My wife, Tele and I attended last month for our fifth FisherPoet Gathering. Honestly, it was FisherPoets that turned me into a poet. Sure, I had stories swimming around in my head long before our first trip to Astoria, but I had never been able to organize them coherently and I certainly didn't have the courage to share them. That all changed the first year we pulled into Astoria. I immediately felt like I had found my people. I was inspired. Many of the other FisherPoets inspired and pushed me, and with their help and support I began writing. Now the end of February feels like a family reunion (only, to quote one of my dearest FisherPoet friends, "with people you actually like!") All kidding aside, this group of writers, storytellers, and musicians have become some of my closest friends.

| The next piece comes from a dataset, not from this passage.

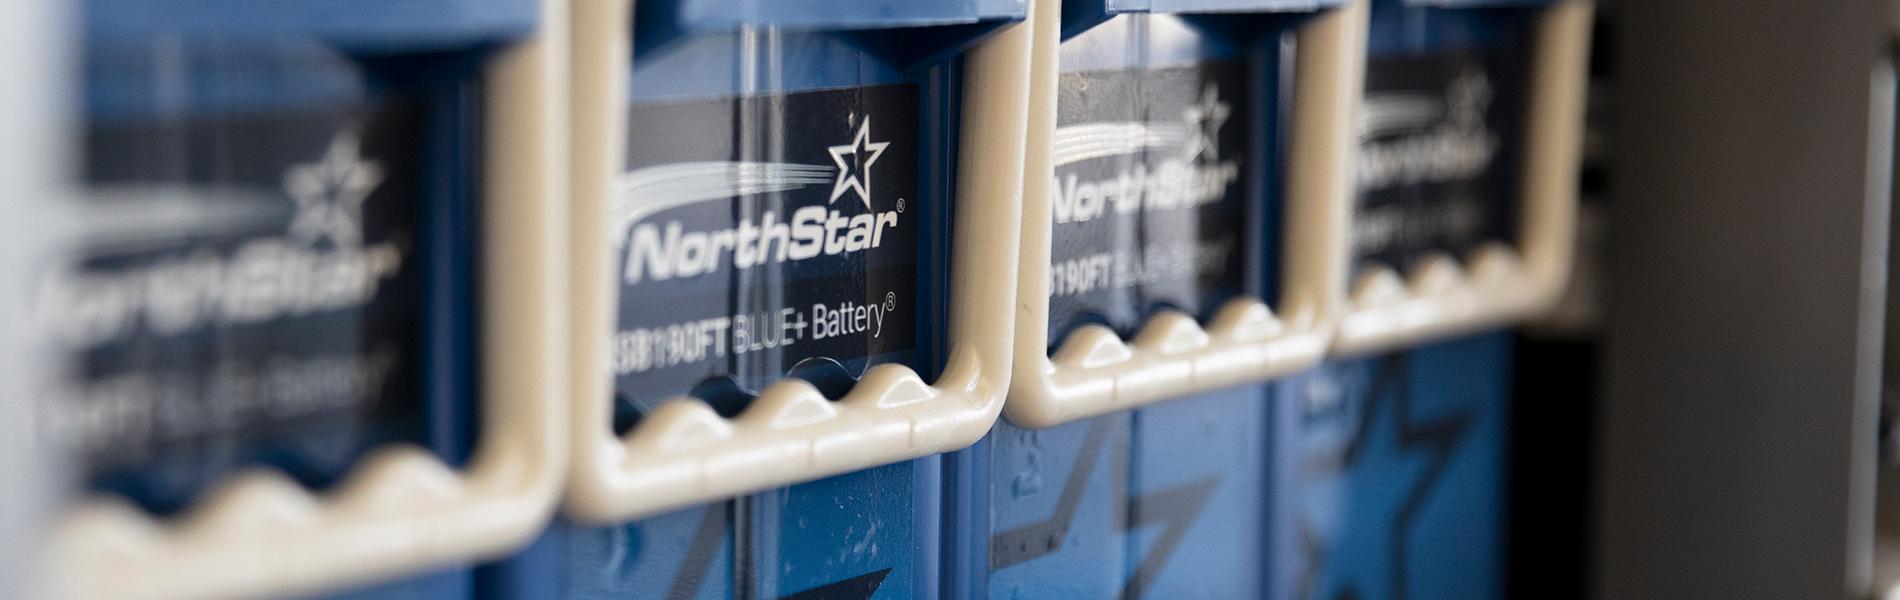 NORTHSTAR NSB BLUE+

Together we have a powerful voice, sharing with the general public a world that is so often fetishized as a brutal testosterone-driven industry pitting man against nature. (Deadliest Catch, anyone?) But in Astoria, you often see a more thoughtful side, a deeper side, of man working with nature. A place where fish are respected and revered. It is also a place to share concerns about our fisheries with people who could be strong allies. That is where my poem, "Silence" came from. 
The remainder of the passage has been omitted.